On the track team, she would always get a late start. She couldn't hear the gun. Playing libero on the volleyball team was the most difficult, she said. Everything happens quickly, and she couldn't always communicate with her teammates.
"Sometimes I would like (to hear) just to understand everything people are saying," Bartholomew said.
But no one ever treated her like she was anything less than normal, she said, and she stuck with softball.
In her first year as a Mariner, Bartholomew is sporting a .367 batting average with 18 hits and eight runs batted in in 49 at-bats. She also leads all Mariners with at least 40 at-bats with an on-base percentage of .516, including 11 walks.
"She's a great all-around player," Coastal Georgia head coach Mike Minick said. "The main thing with her is, how good her attitude is.
"She's always encouraging her teammates when they're down. She pumps them up and keeps them pumped up."
Bartholomew admits she's probably the loudest person in the Coastal Georgia dugout, the most talkative and the biggest motivator.
Teammate Savannah Cook, Bartholomew's roommate, said she's never seen Bartholomew get upset during a game. While other players exert their frustrations after striking out, Bartholomew will jog back to the dugout as if nothing happened.
Bartholomew's hearing aids aren't covered by insurance, and her family paid $5,000 for her latest set, Tracy said. Bartholomew's dog chewed up the last pair.
Bartholomew said most people are surprised to learn she's hearing impaired, and some of her friends even forget she is because of how well she speaks.

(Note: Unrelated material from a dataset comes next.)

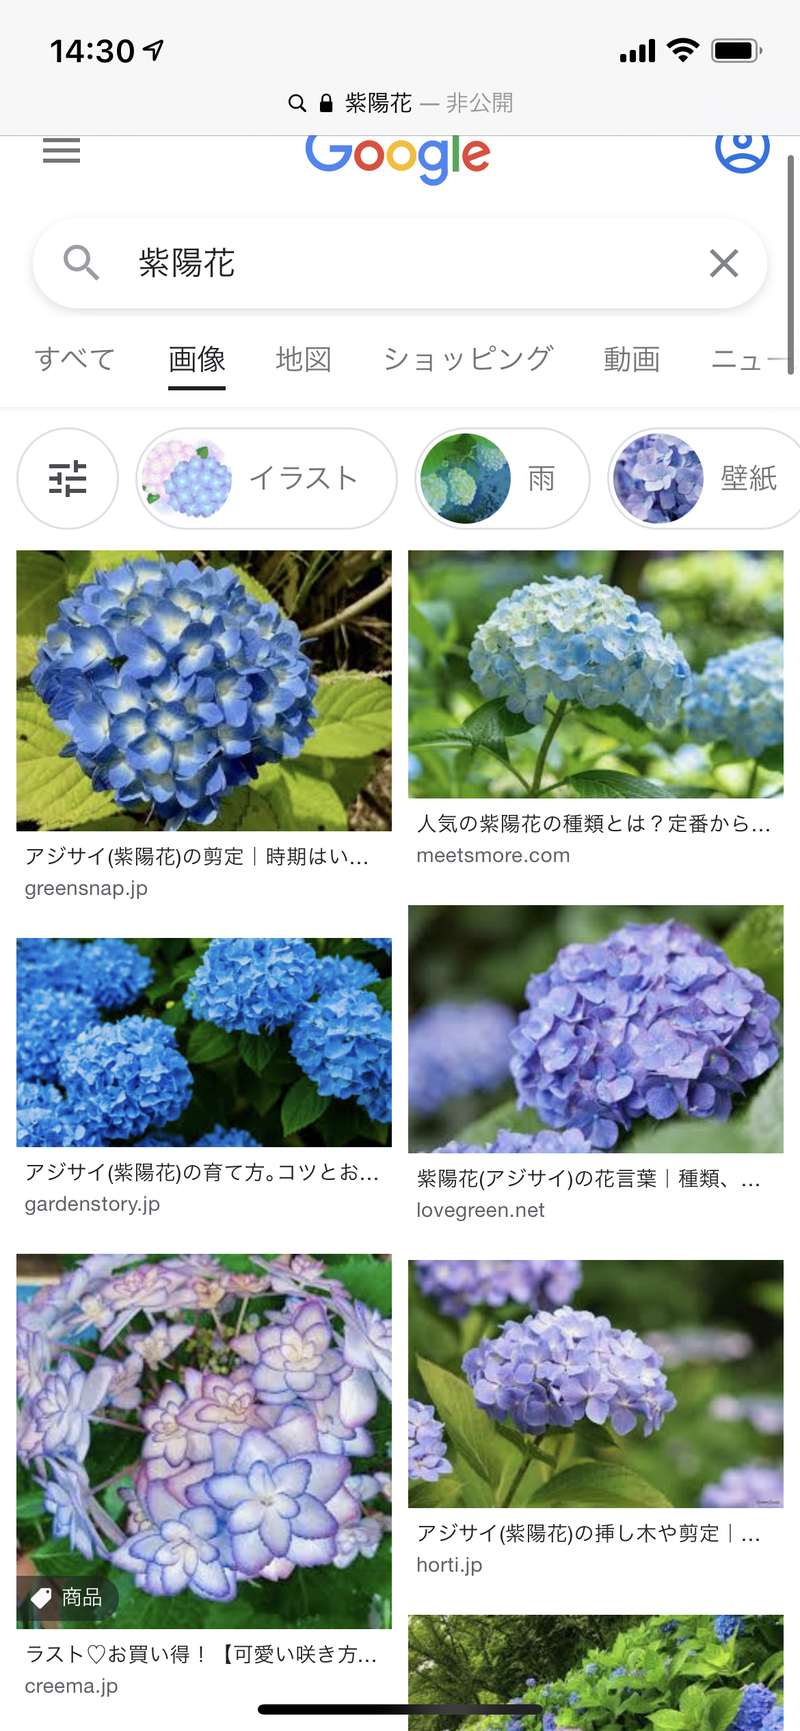 紫陽花 是什麼意思 關於日語 日文 的問題 Hinative
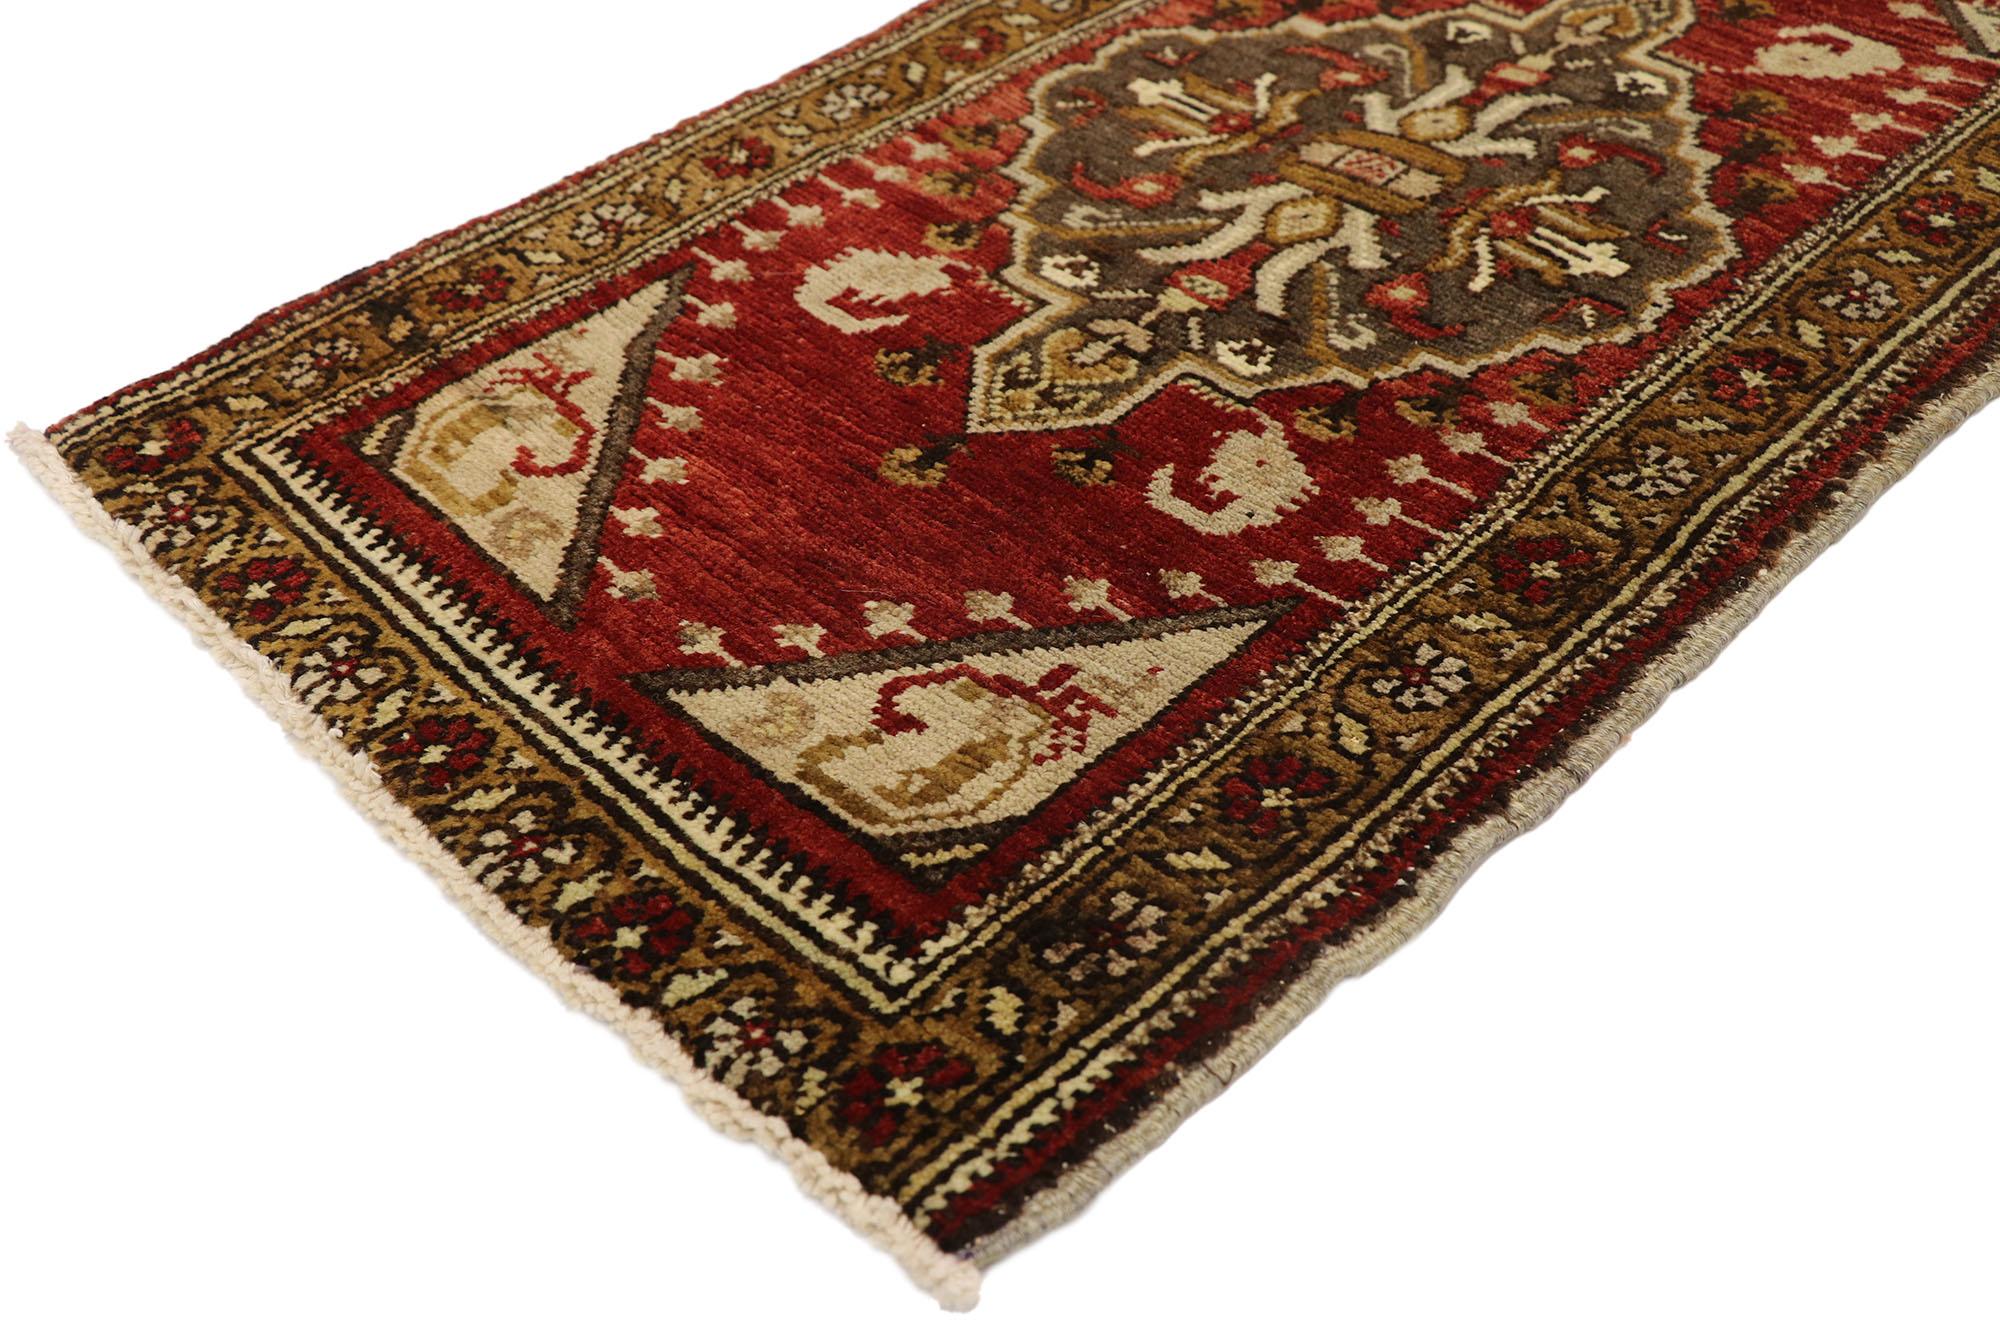 51263 Vintage Turkish Yastik Rug, 01'07 x 02'11. Turkish Yastik rugs, also known as

It's an easy mistake that Jim Egan, her stepfather, made the first time he met her. Egan had just started dating Tracy, who told him she had a daughter who was hearing impaired. Not knowing the difference between hearing impaired and deaf, he spent weeks on his own learning sign language before he met Bartholomew. When he finally did, he began signing to her.
"Hi Calli, my name is Jim," he signed. "How are you?"
"Why is he signing to me?" she asked Tracy.
"She can speak?" Jim asked.
"Yeah, she's hearing impaired, not deaf."
Bartholomew loves hearing the voices of her friends and family. She listens to music, and her favorite sounds come from the saxophone.
"I'm determined to have one at my wedding," she said.
Taking out the hearing aids can be an avenue of escape from the world, but she never takes for granted her limited ability to hear, which ultimately prevented her from a life of silence.
"I probably wouldn't be the same person I am today if I couldn't speak," she said. "Sometimes people tell me when they first meet me, that I'm so outgoing and sociable. I wouldn't be like that. I wouldn't be very positive about myself."